Можно не спать, чувствуя ее биение.
— Мы уедем вдвоем, — сказал Николай. — Я тоже еще не вышел из поры романтиков. Ты мне все равно поверишь. Учти, я упрям. И люблю, — добавил он, крепко сжимая ее ладонь.
Она осторожно высвободила свою руку и тут же схватила его предплечье, когда он потянулся за сигаретой. Оба засмеялись.
Проходили редкие прохожие, которые, наверное, и минуту назад проходили, но они их не видели. Ветер утих. Было жарко. Откуда-то доносились ритмы «Болеро» Равеля — где-то открыли окна.

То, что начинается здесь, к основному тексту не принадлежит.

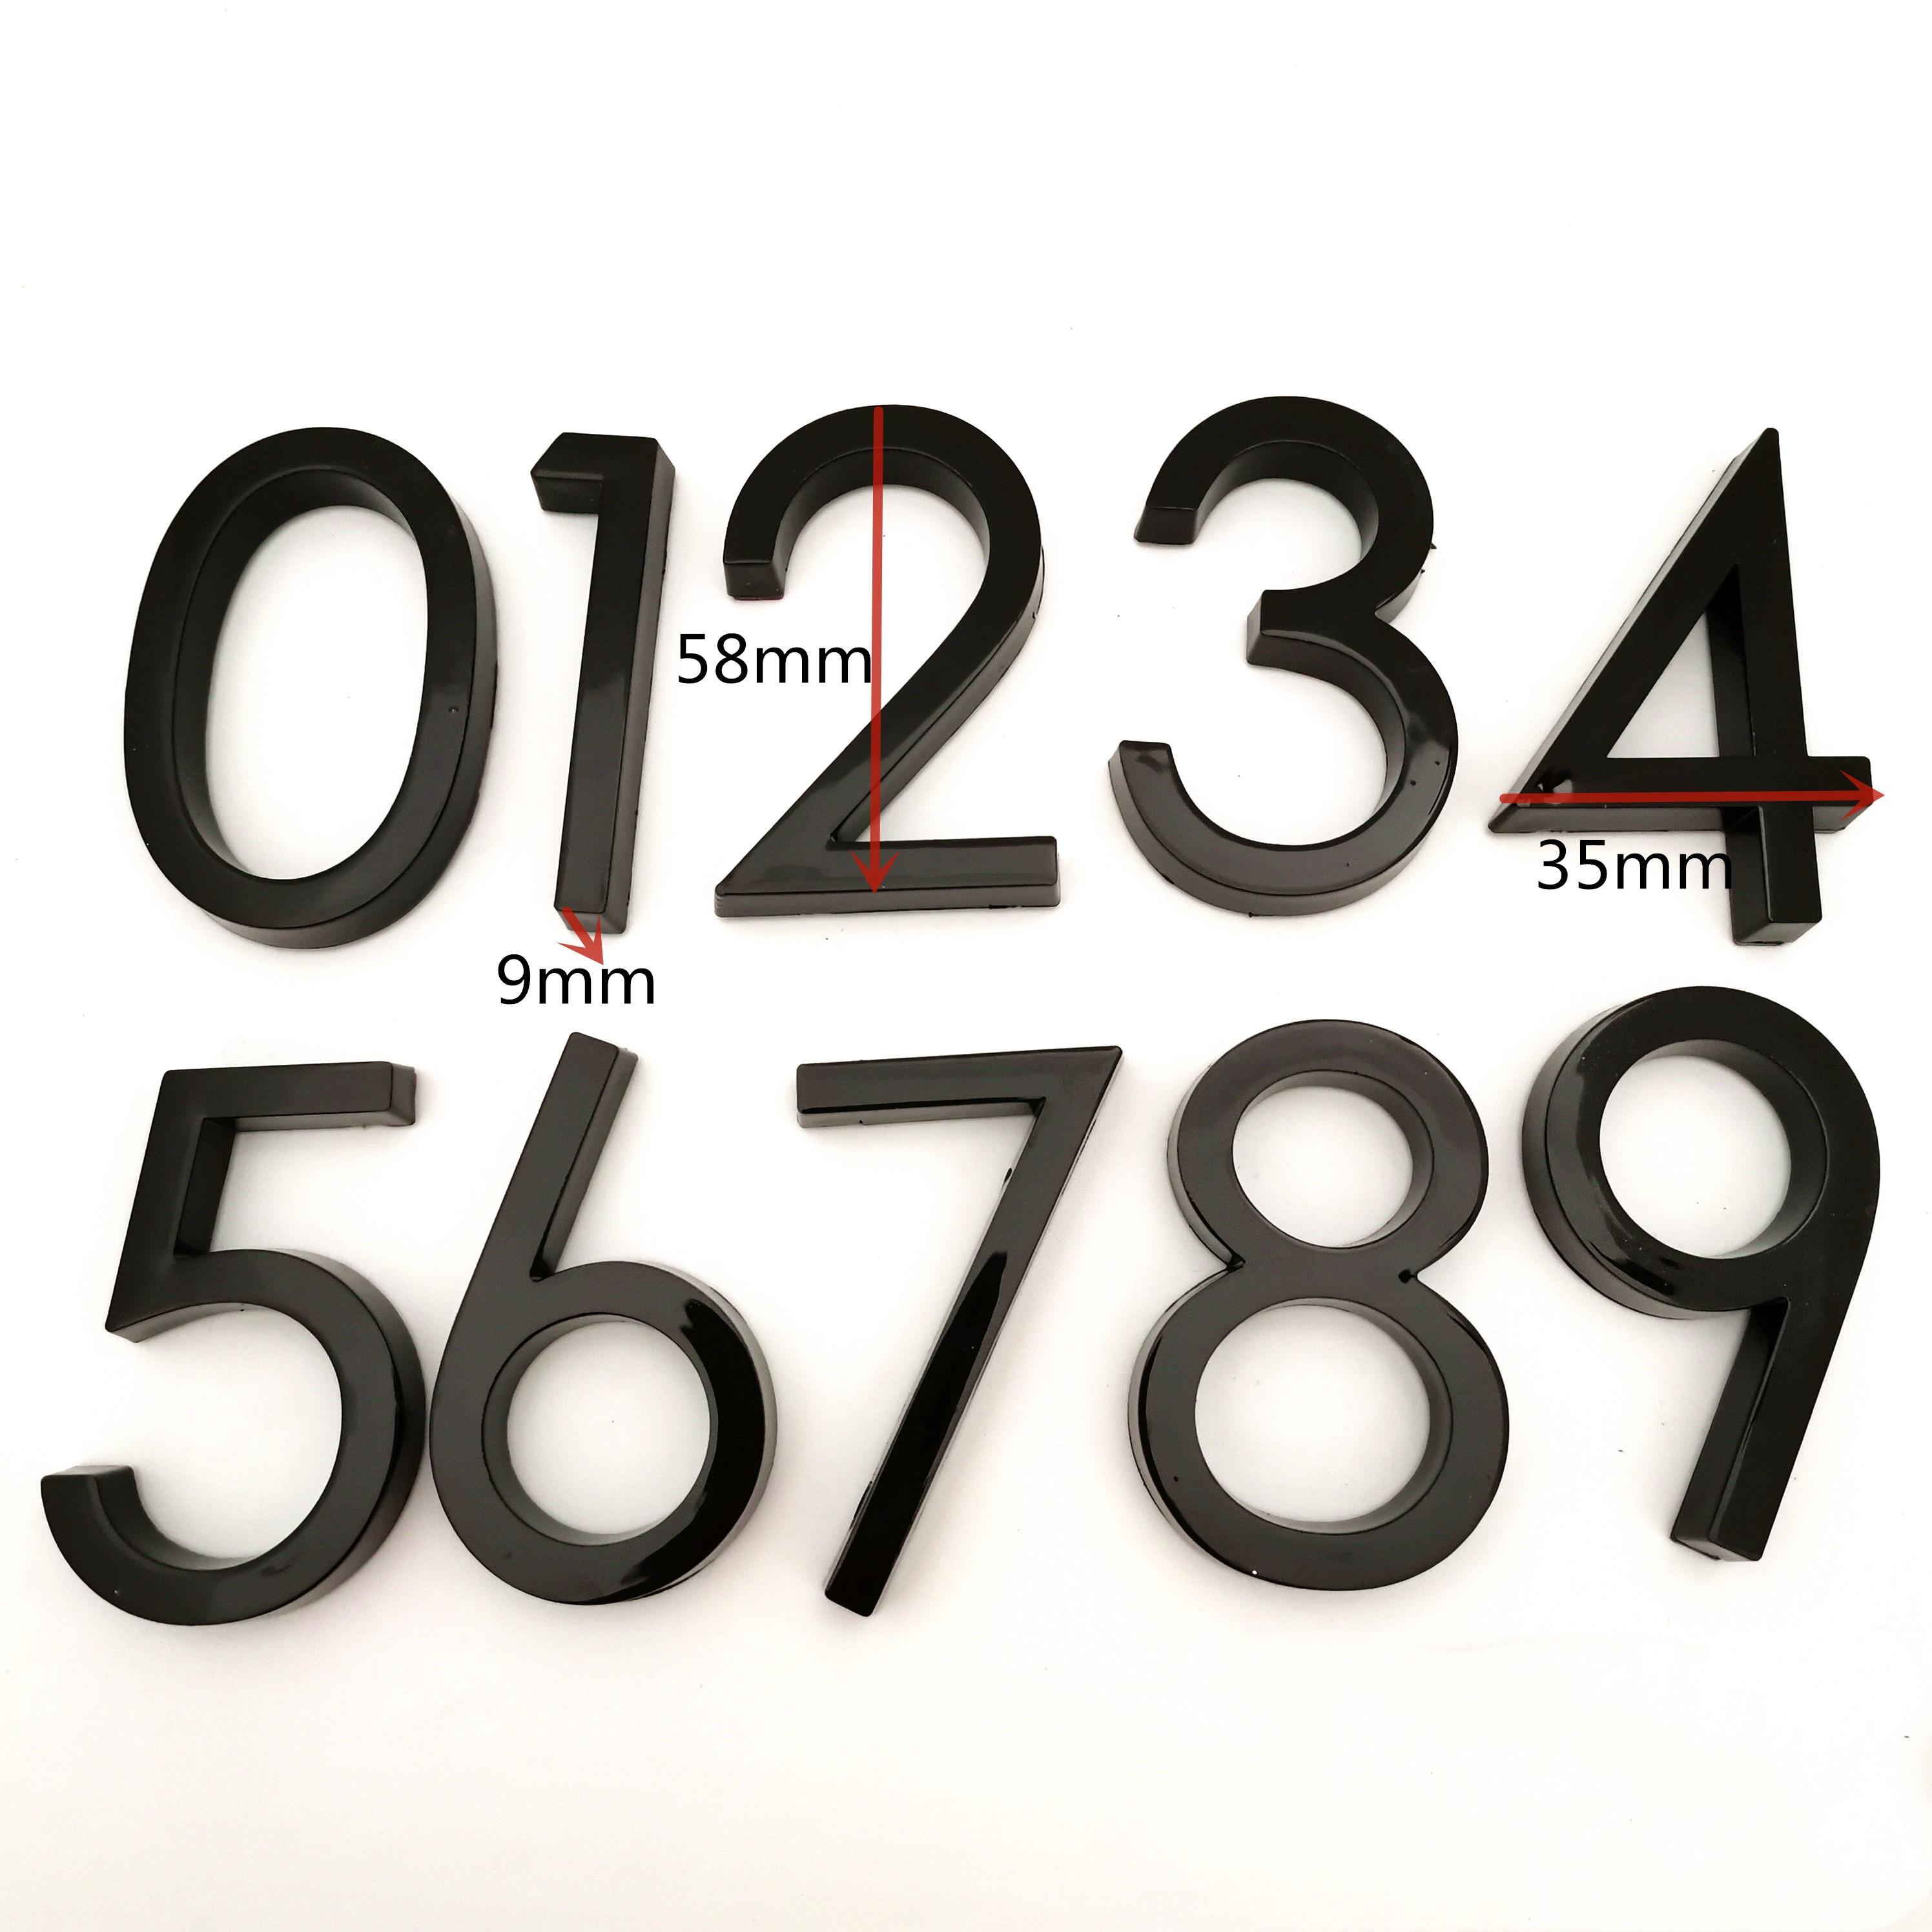 Endereço da porta dígitos 6cm preto número etiqueta 0 a 9 placa de plástico casa gaveta pltae assinar casamento decoração da casa placa da porta

Эти звуки вызывали у него представление о знойной пустыне и о верблюжьем караване: верблюды тяжело ступают по песку, мотаются тюки, позвякивают кривые сабли у людей с шоколадными лицами.
— А я вспомнил, где слышал тот вальс, — задумчиво проговорил Великанов. — Как ни странно, его любила играть моя жена.
— Мне пора, — вздохнула Тоня и встала. Она пошла сначала тихо, потом быстрее. У ворот обернулась, и он крикнул ей:
— Приду!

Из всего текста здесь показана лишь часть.